Early treatment shown to delay conversion to clinically definite multiple sclerosis
THURSDAY, Oct. 8 (HealthDay News) -- Early treatment with glatiramer acetate may delay the start of clinically definite multiple sclerosis (MS), according to the PreCISe study published online Oct. 7 in The Lancet.
Giancarlo Comi, M.D., of the Scientific Institute San Raffaele in Milan, Italy, and colleagues randomized 481 patients with a clinically isolated syndrome with unifocal manifestation, and brain lesions 6 mm or larger, to treatment with subcutaneous glatiramer acetate (20 mg per day) or placebo. The patients were treated for up to 36 months unless patients progressed to clinically definite MS. The primary study end point was the length of time before clinically definite MS was diagnosed, based on a second clinical MS attack.
The researchers found that the treatment group had a 45 percent reduced risk of developing MS during the course of the study compared with the placebo group. In addition, 24.7 percent of the treatment group had a second clinical attack compared to 42.9 percent of the placebo group. The length of time for 25 percent of patients to develop MS was extended from 336 days for the control group to 722 days for the treatment group.

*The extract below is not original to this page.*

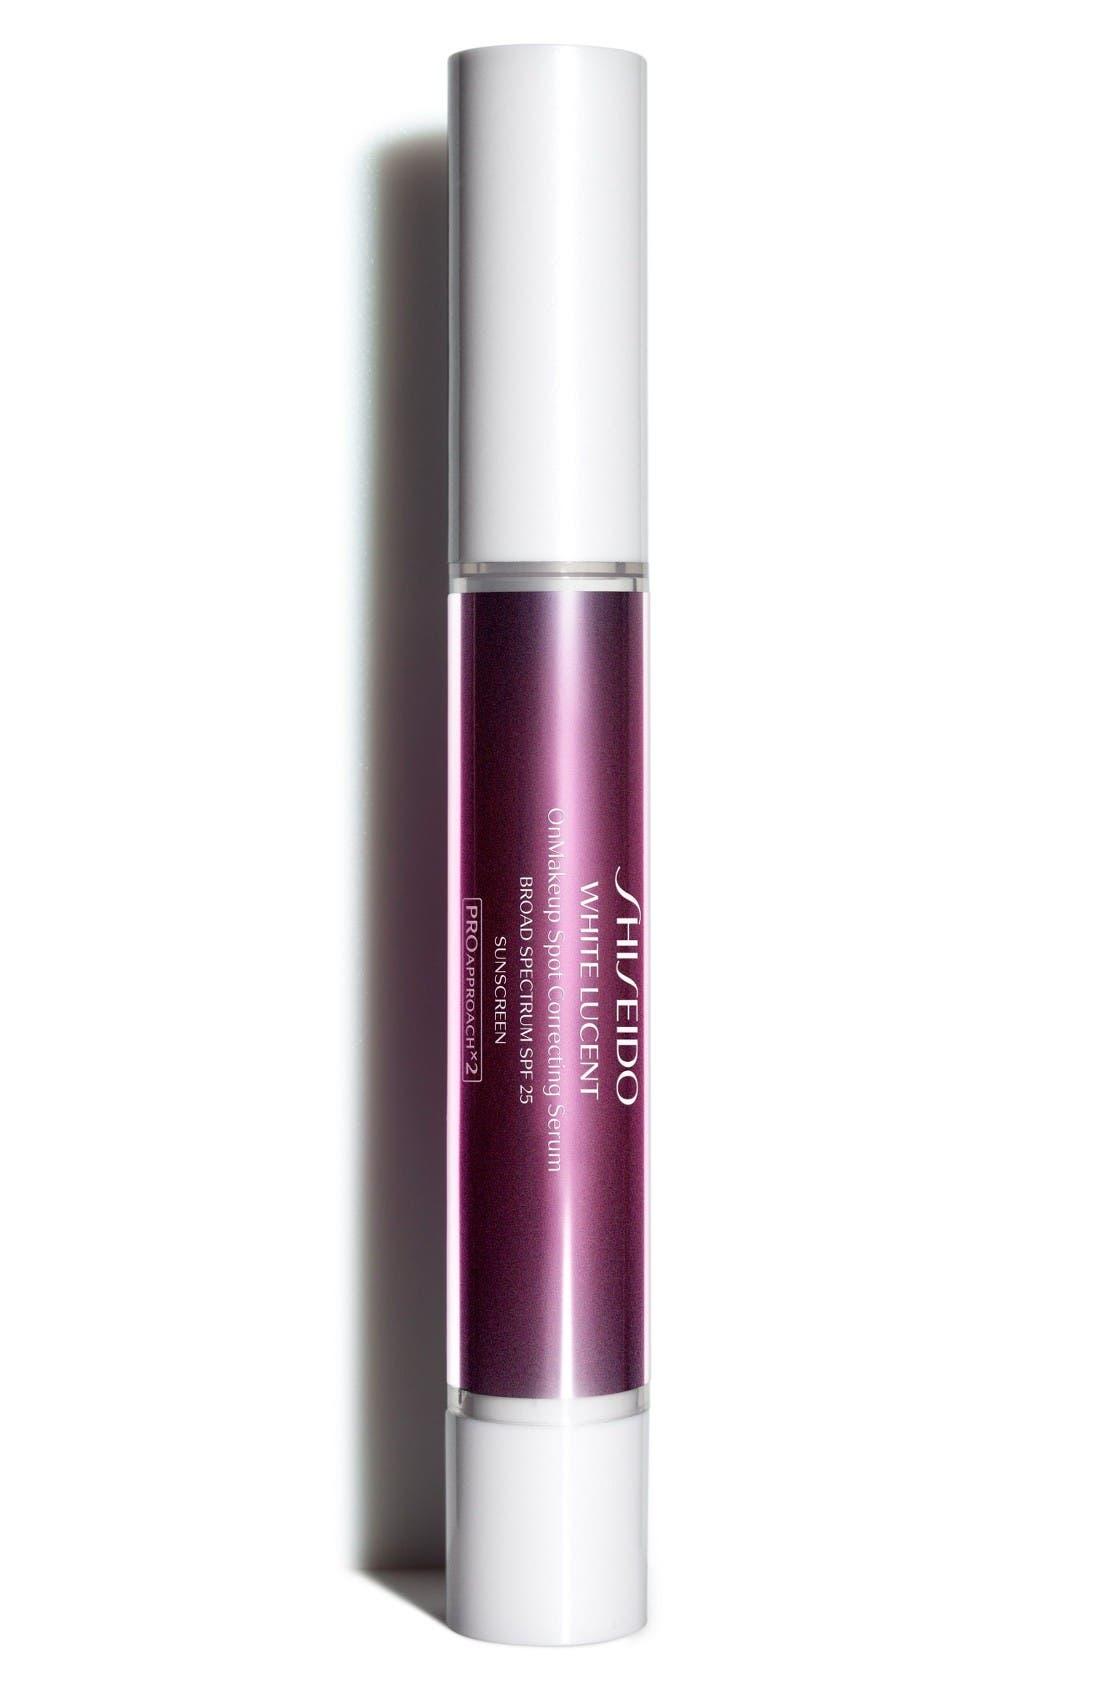 Main Image - Shiseido White Lucent OnMakeup Spot Correcting Serum Broad Spectrum SPF 25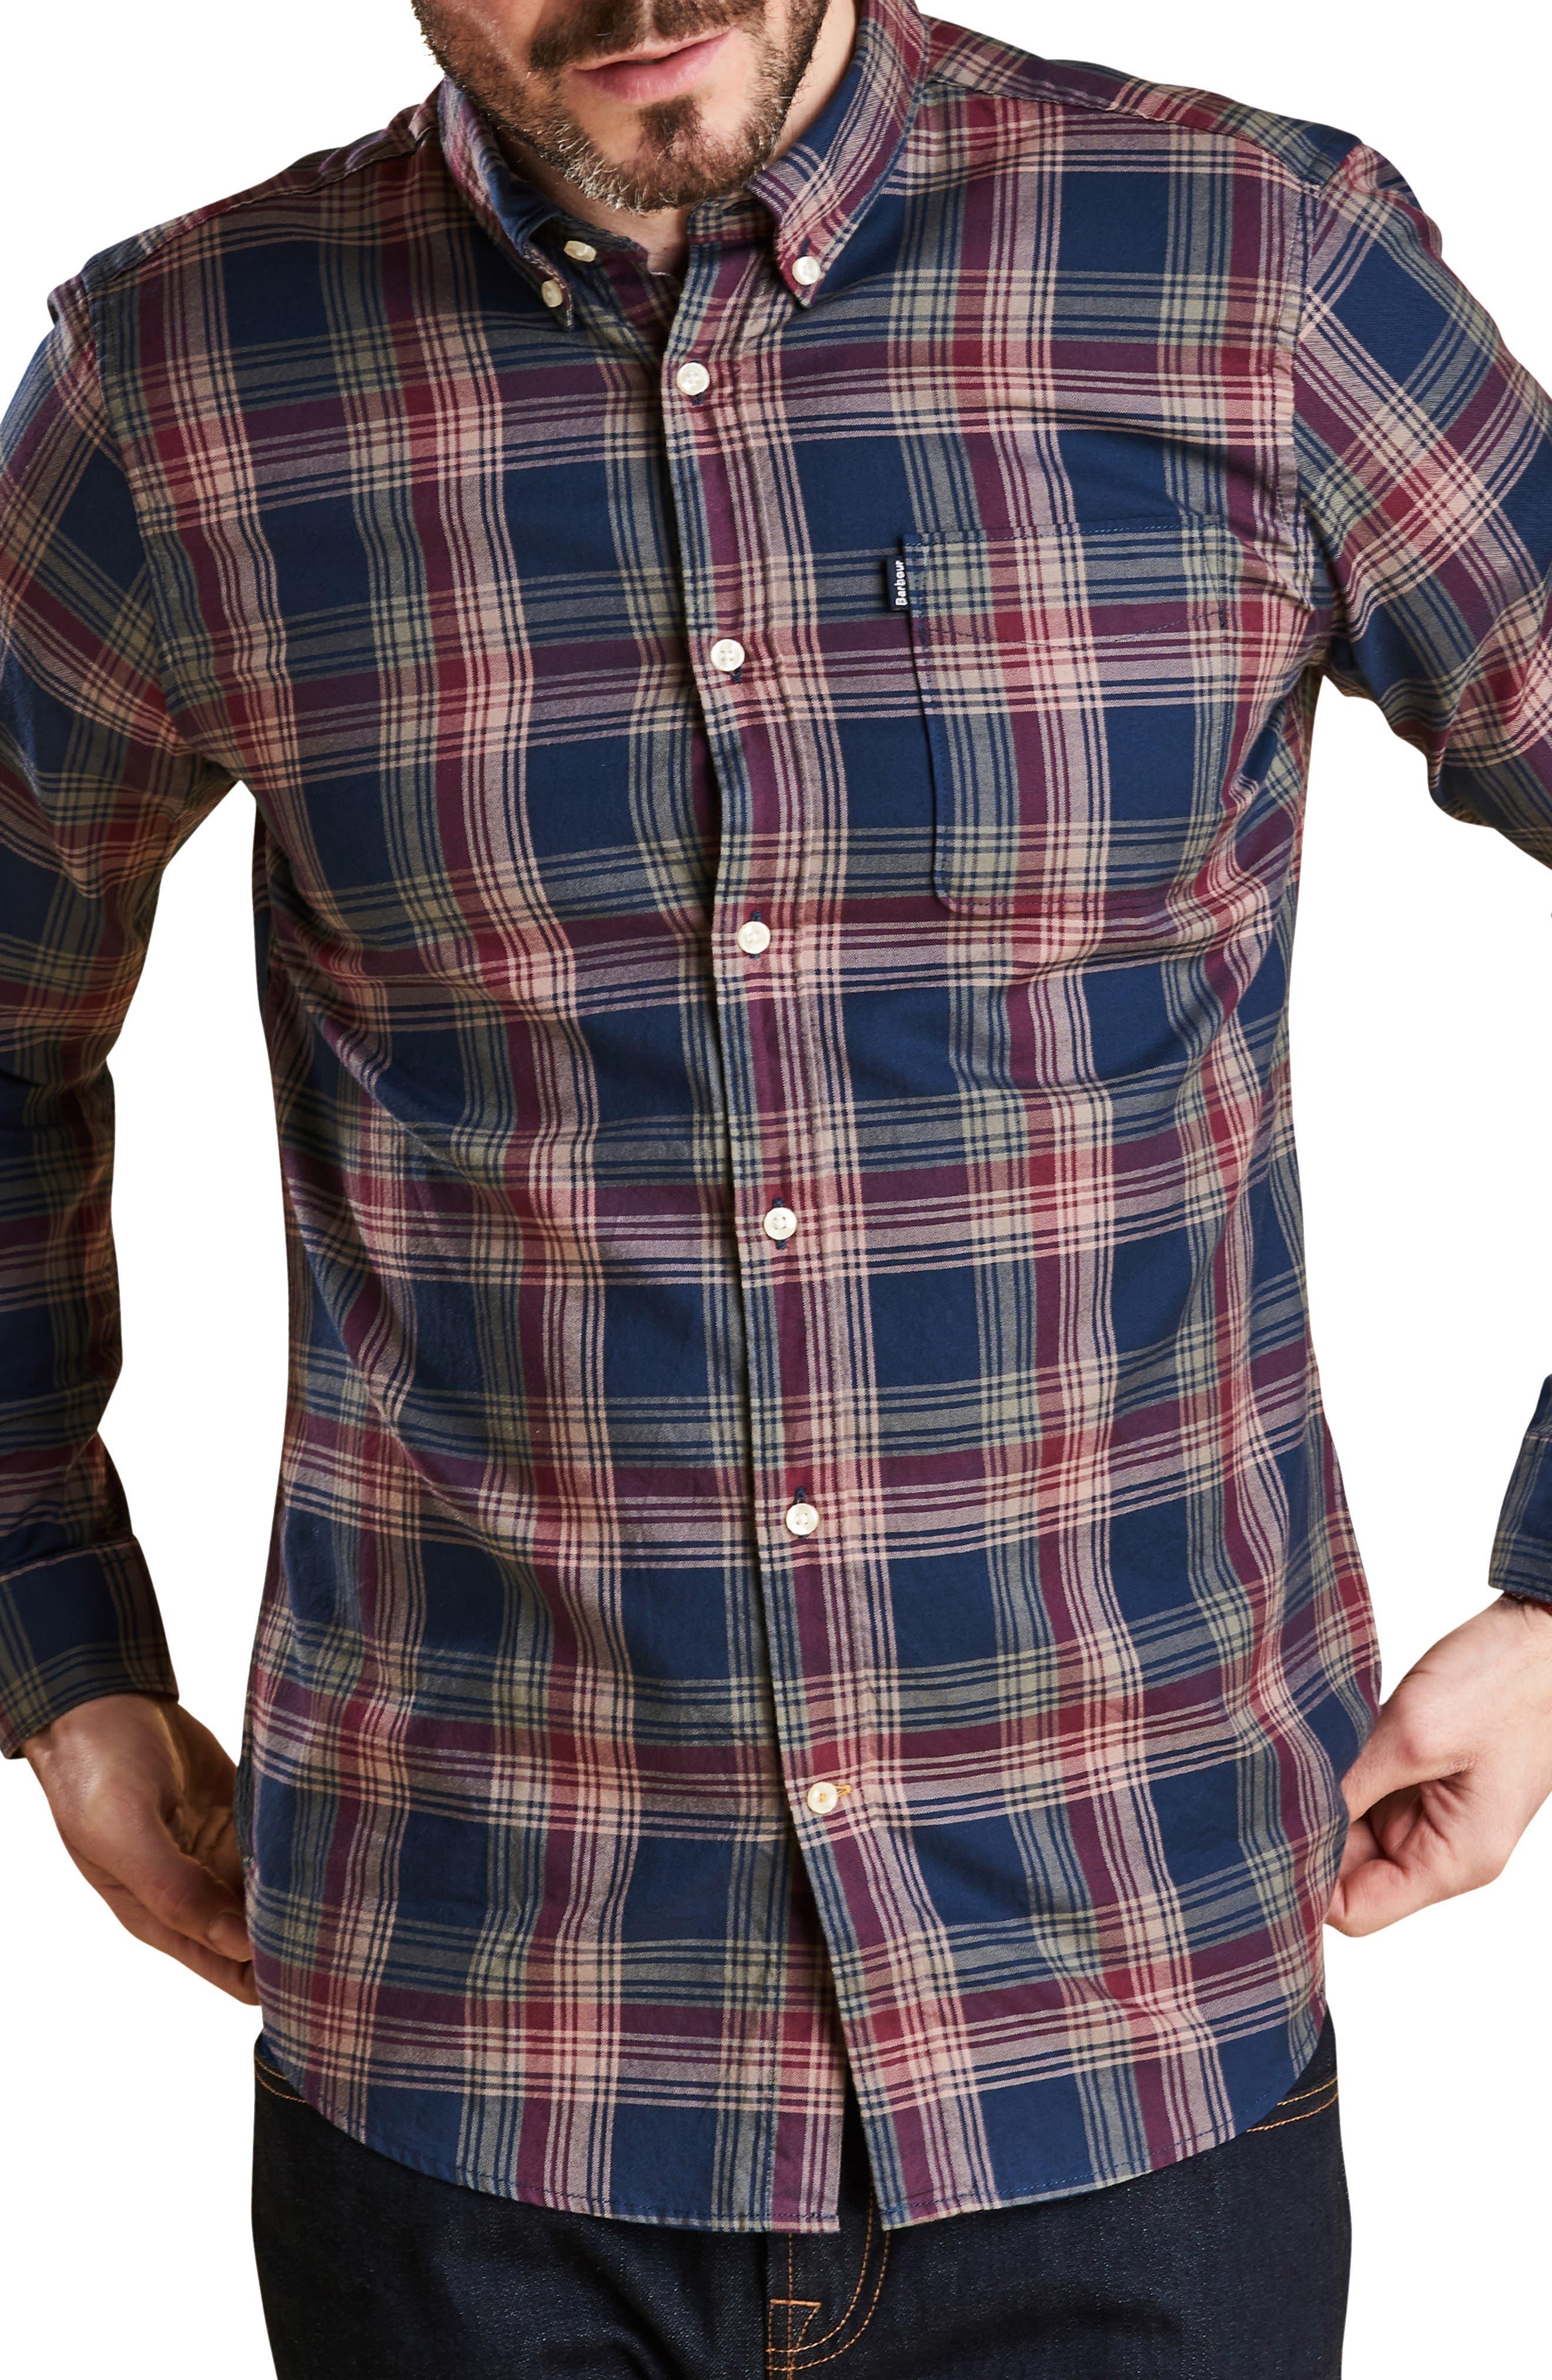 Endsleigh Highland Check Woven Shirt,                             Main thumbnail 1, color,                             NAVY

Injection-site and post-injection reactions were more common in the treatment group as compared to placebo group.
"Early treatment with glatiramer acetate is efficacious in delaying conversion to clinically definite MS in patients presenting with clinically isolated syndrome and brain lesions detected by MRI," the authors conclude.
Several authors of this study reported financial and consulting relationships with various pharmaceutical companies.